* Try it
An exact copy of every entry is needed, without the pictures.
━━ Records for processing
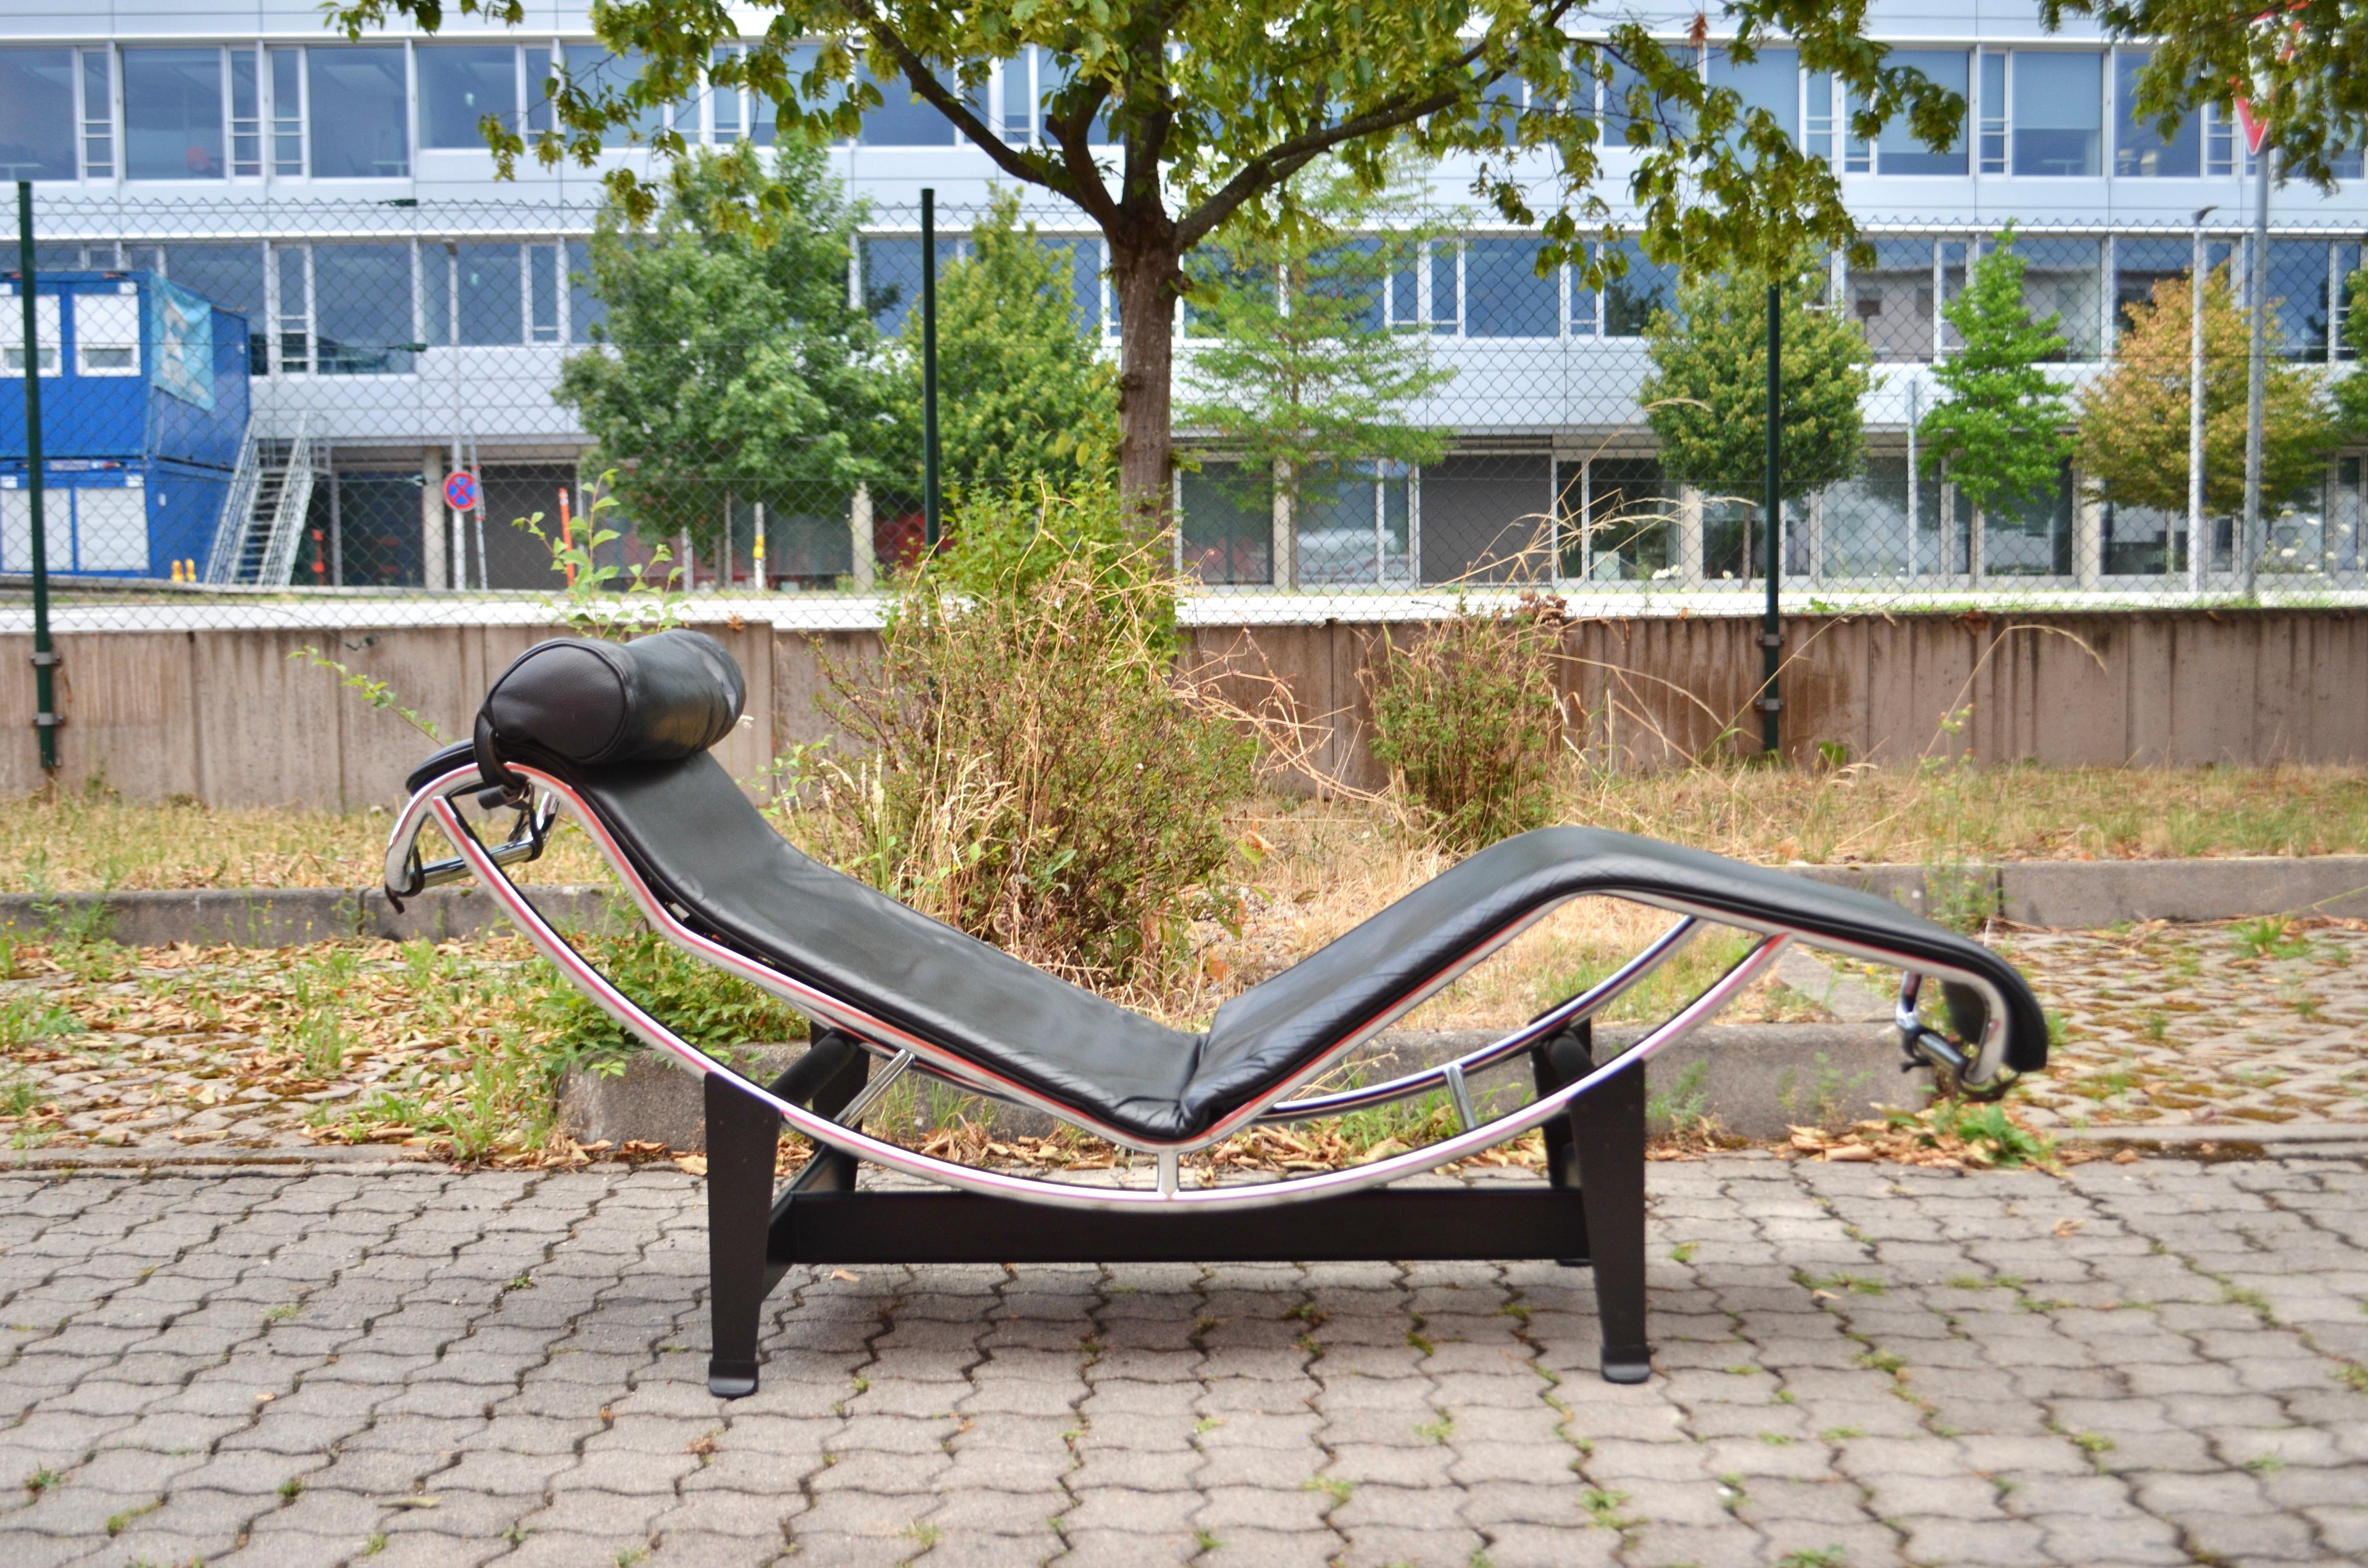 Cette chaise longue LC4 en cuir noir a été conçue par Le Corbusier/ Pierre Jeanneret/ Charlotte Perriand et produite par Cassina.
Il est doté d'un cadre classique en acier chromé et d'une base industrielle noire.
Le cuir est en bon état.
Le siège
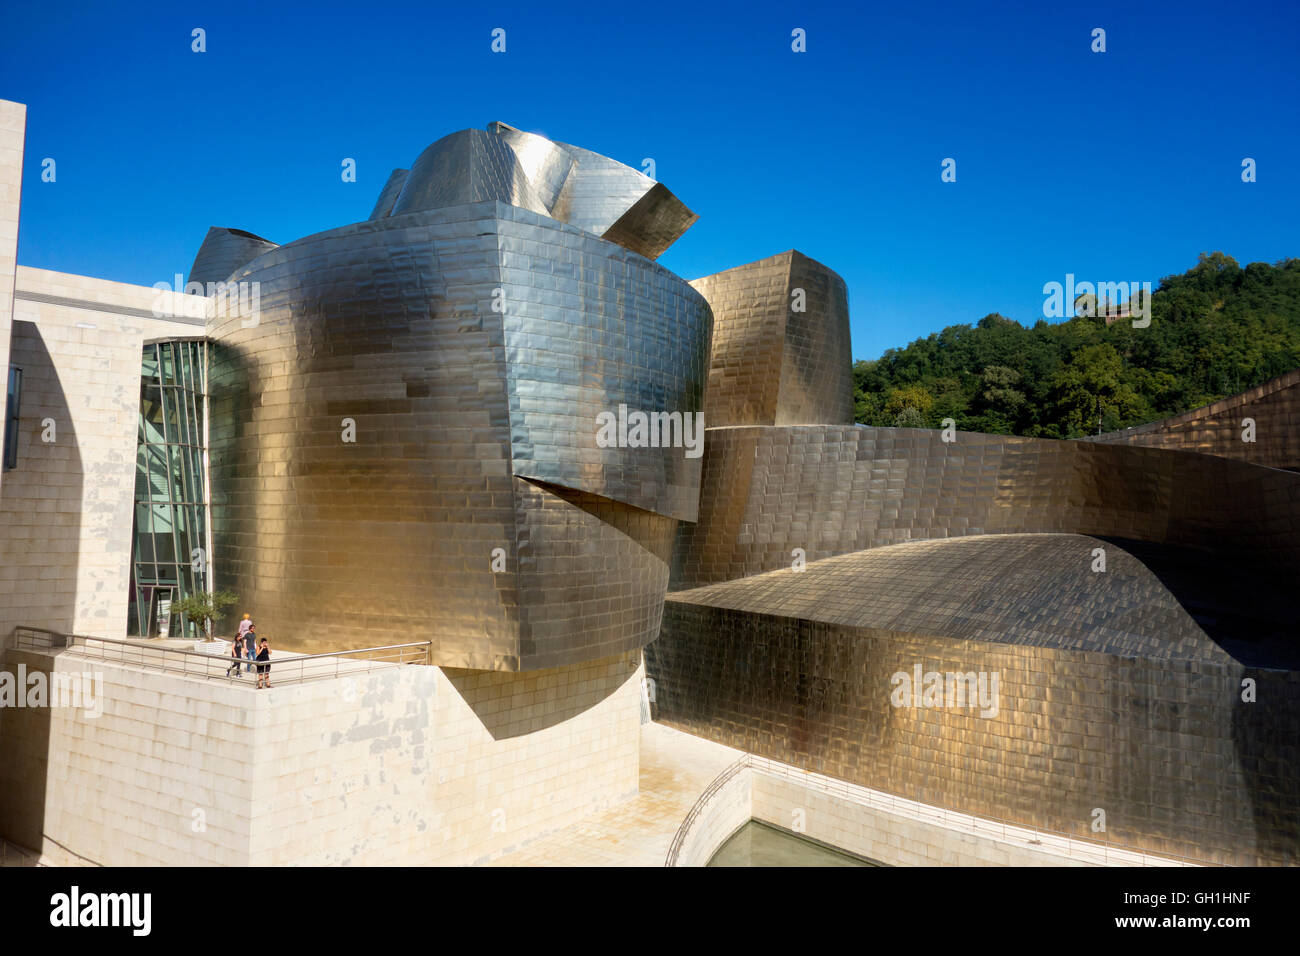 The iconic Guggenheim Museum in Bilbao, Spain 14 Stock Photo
━━━━
* Response for this exercise
 Cette chaise longue LC4 en cuir noir a été conçue par Le Corbusier/ Pierre Jeanneret/ Charlotte Perriand et produite par Cassina.
Il est doté d'un cadre classique en acier chromé et d'une base industrielle noire.
Le cuir est en bon état.
Le siège
 The iconic Guggenheim Museum in Bilbao, Spain 14 Stock Photo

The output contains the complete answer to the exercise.